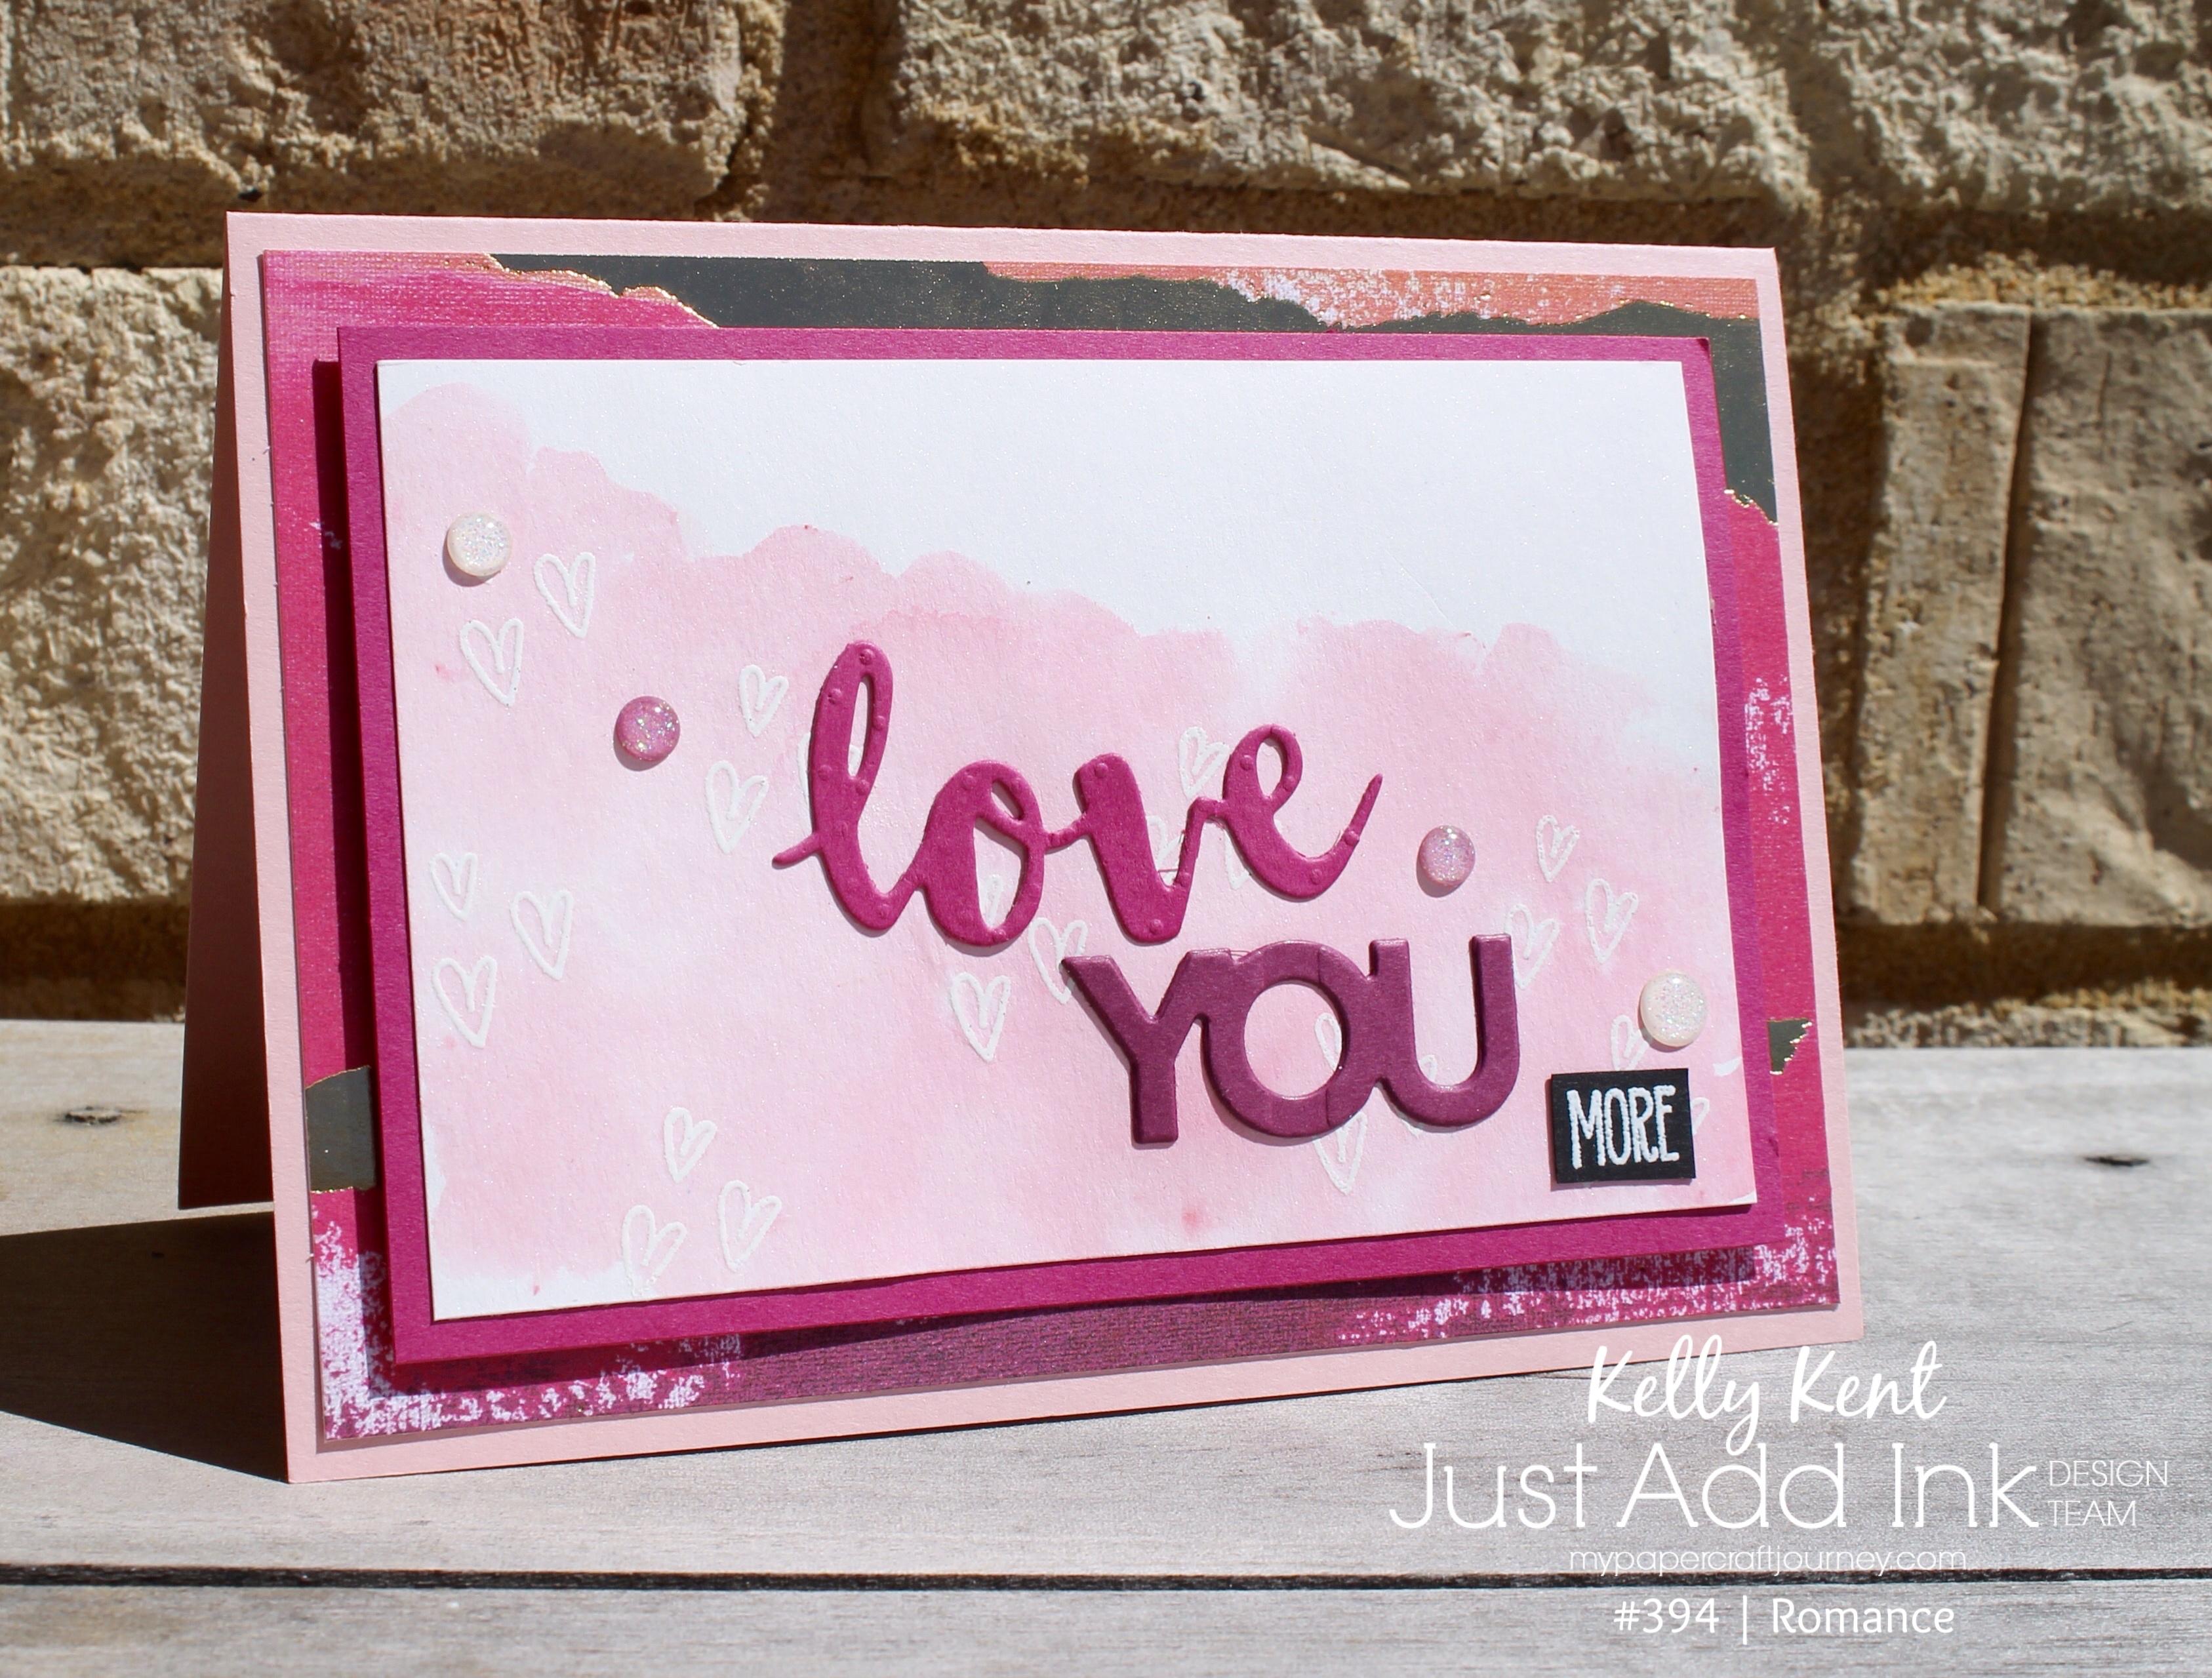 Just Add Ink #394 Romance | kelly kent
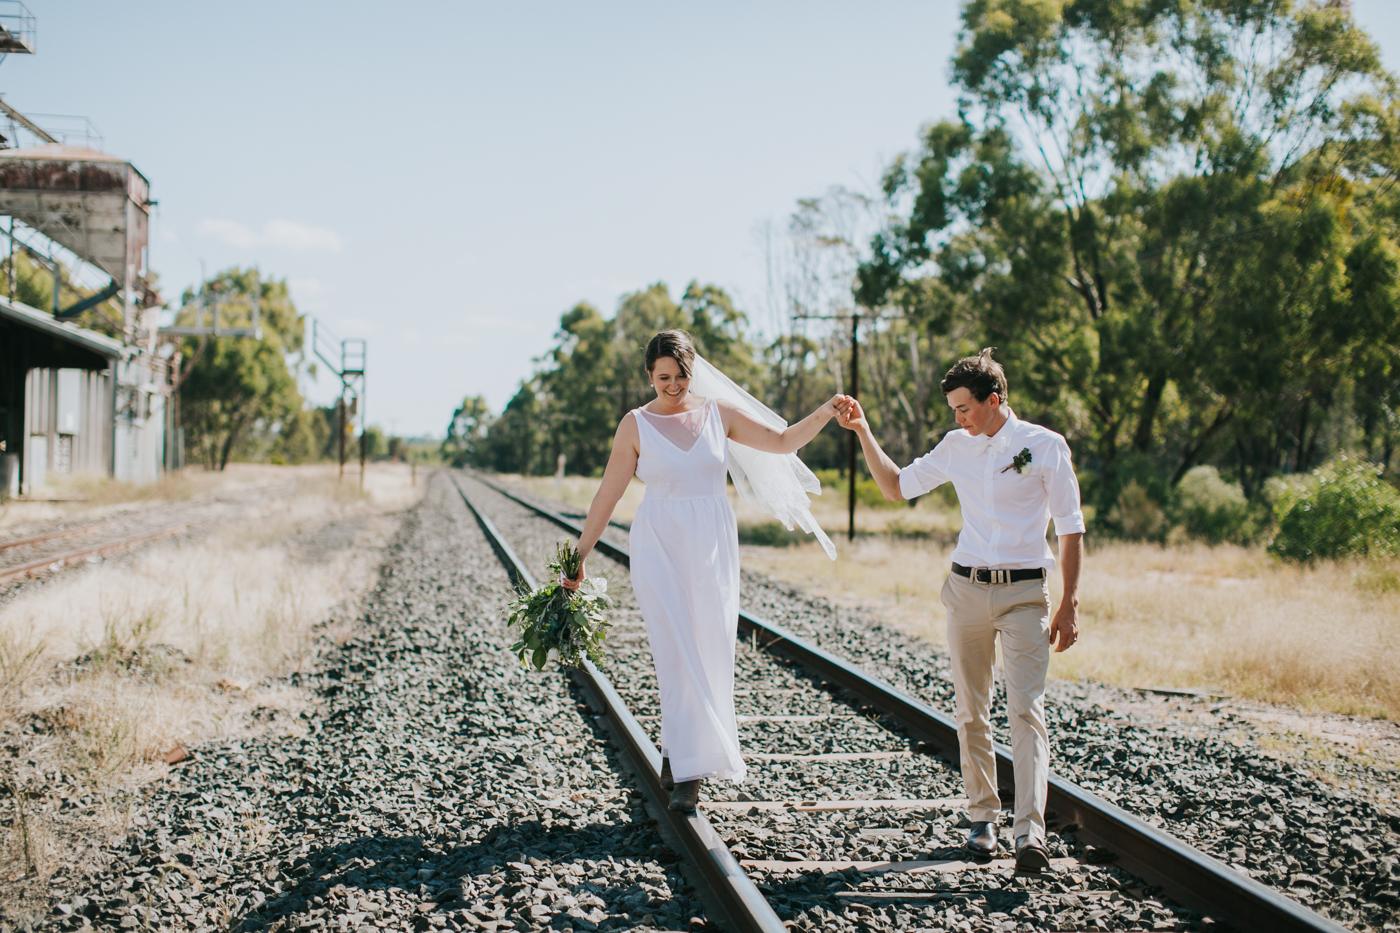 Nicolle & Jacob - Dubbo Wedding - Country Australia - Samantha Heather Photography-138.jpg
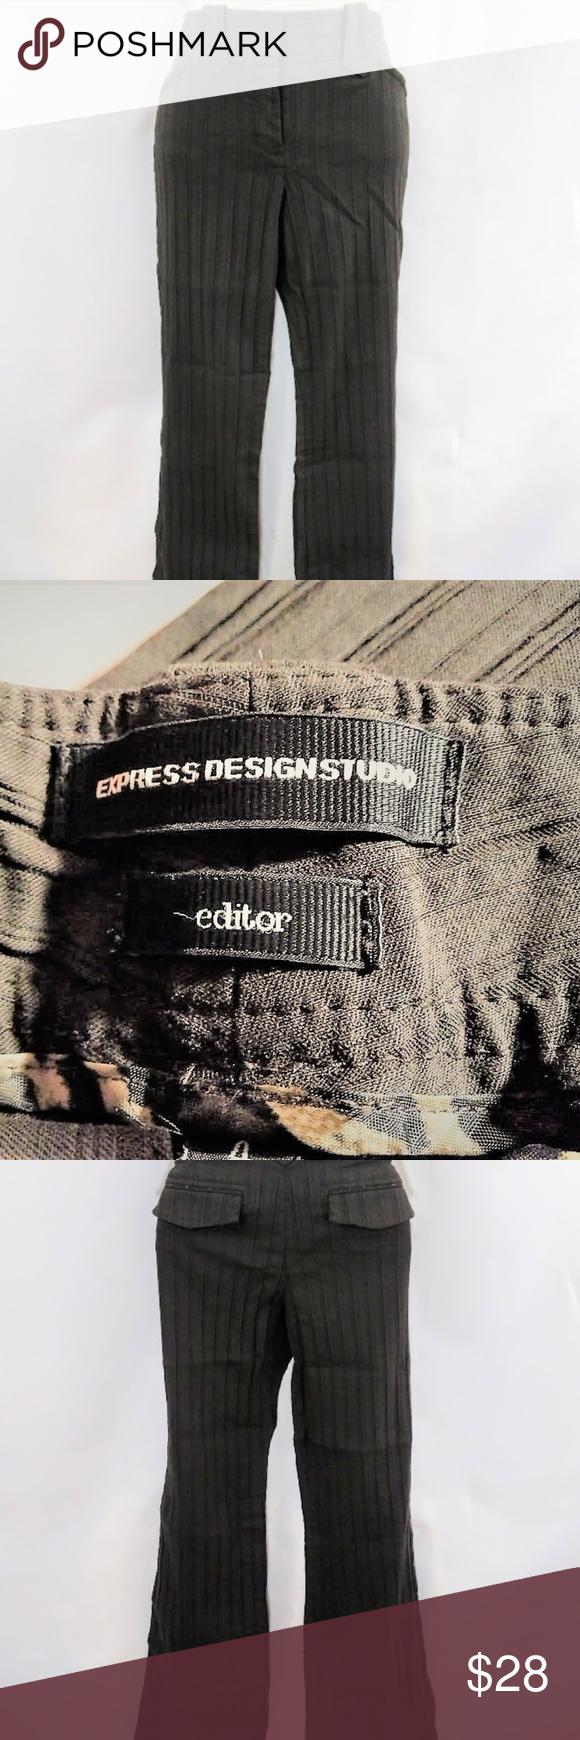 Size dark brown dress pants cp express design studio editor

**Required action**
Only text belongs in the copy: repeat each line of the data exactly and leave out the pictures.

**Finished task**
 Just Add Ink #394 Romance | kelly kent
 Nicolle & Jacob - Dubbo Wedding - Country Australia - Samantha Heather Photography-138.jpg
 Size dark brown dress pants cp express design studio editor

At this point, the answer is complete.